Question about pandas join benchmark setup

h2oai / db-benchmark

reproducible benchmark of database-like ops

https://h2oai.github.io/db-benchmark

Mozilla Public License 2.0

321 stars 85 forks source link

Question about pandas join benchmark setup #156

Closed ivirshup closed 3 years ago

ivirshup commented 3 years ago

https://github.com/h2oai/db-benchmark/blob/7adc04352d458410536be1e08f509ad4dc06eb72/pandas/join-pandas.py#L30-L42

I'm a little confused about this code in the pandas join benchmark.

First, why are the same columns being converted to categorical repeatedly? Should this be happening to different dataframes?

Second, why convert integer values to categorical values? I'd understand this for string values, but doing this seems slower than just using the integer values.

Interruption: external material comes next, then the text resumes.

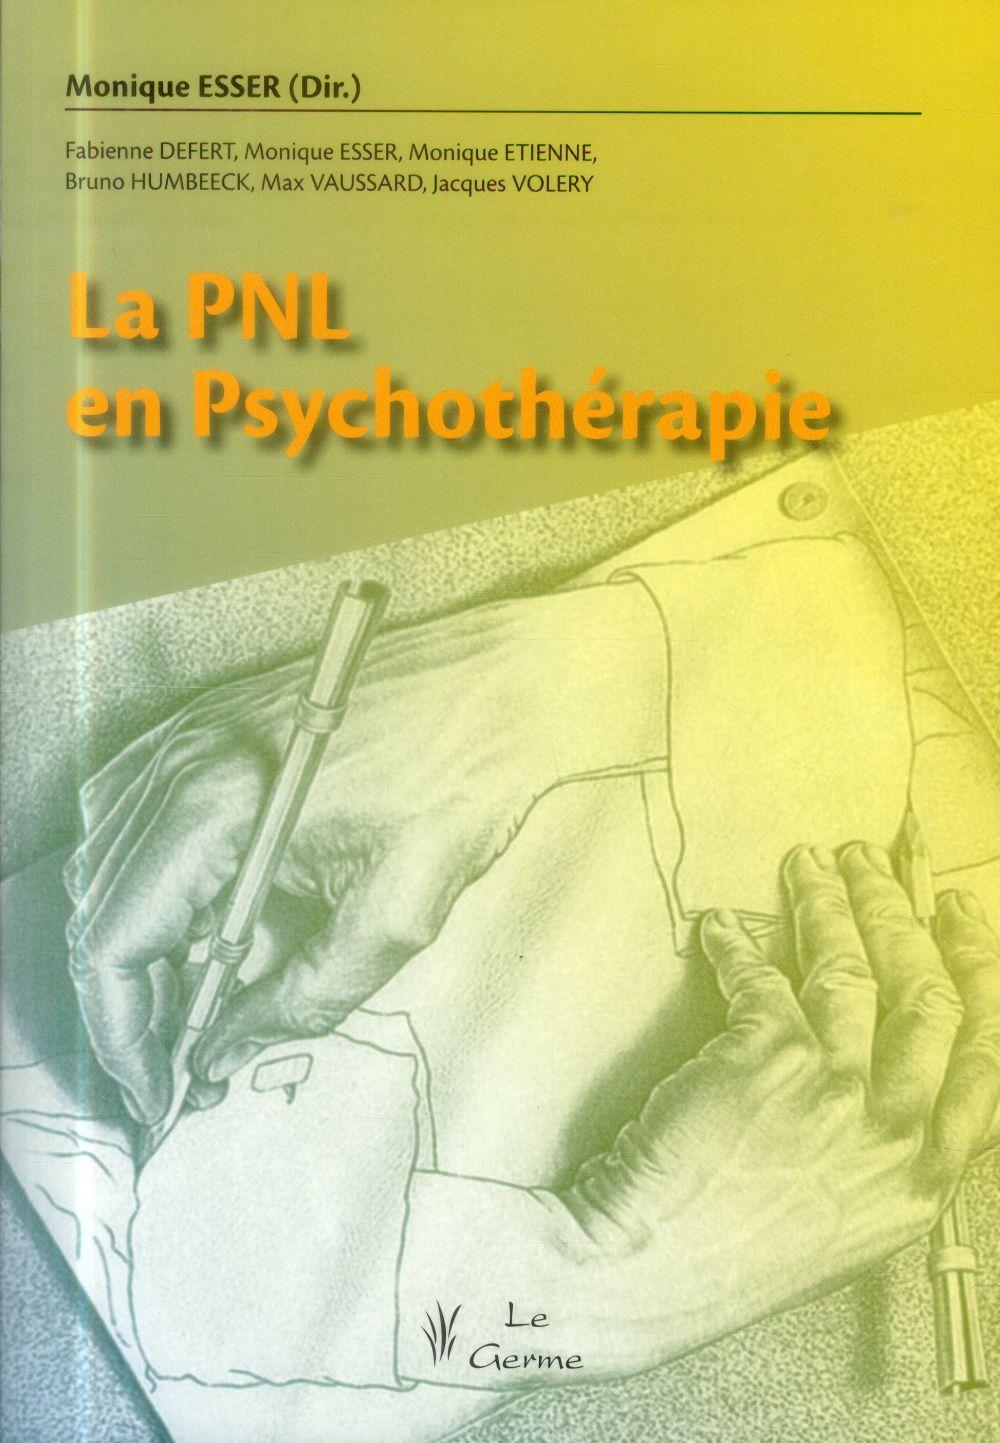 La PLN en psychotherapie

jangorecki commented 3 years ago

Thanks for spotting that. That conversation should obviously be on each table, not repeatedly on x table.

id1:id3 are string, id4:id6 are integer.

ivirshup commented 3 years ago

No problem!

Is the data used for this generated by _data/join-datagen.R? For me, that generates data where id1:id3 are integers, id4:id6 are strings and v* columns are floats.

As an example, after running Rscript _data/join-datagen.R 1e7 0 0 0 the top of the file data/J1_1e7_NA_0_0.csv looks like:

id1,id2,id3,id4,id5,id6,v1
8,2149,7609766,id8,id2149,id7609766,89.031743
4,4831,9001786,id4,id4831,id9001786,83.712121
3,8157,8096754,id3,id8157,id8096754,33.983582
2,5816,8216251,id2,id5816,id8216251,88.726157

jangorecki commented 3 years ago

You are absolutely correct. I mixed that with groupby data where leading columns are categorical type. Thank you very much.

jangorecki commented 3 years ago

Report was rerun but because of this pandas version was already run it was not refreshed now. New timings will be refreshed after new pandas version release. Or if I force rerun it, but for a couple weeks I am not having workstation to do this.

ivirshup commented 3 years ago

Thanks for the quick responses on this!

jangorecki commented 3 years ago

Let's keep this issue open till timings will be updated on the report.

jangorecki commented 3 years ago

Pandas version got updated in the meantime so timings are now refreshed using categoricals properly. Thanks again.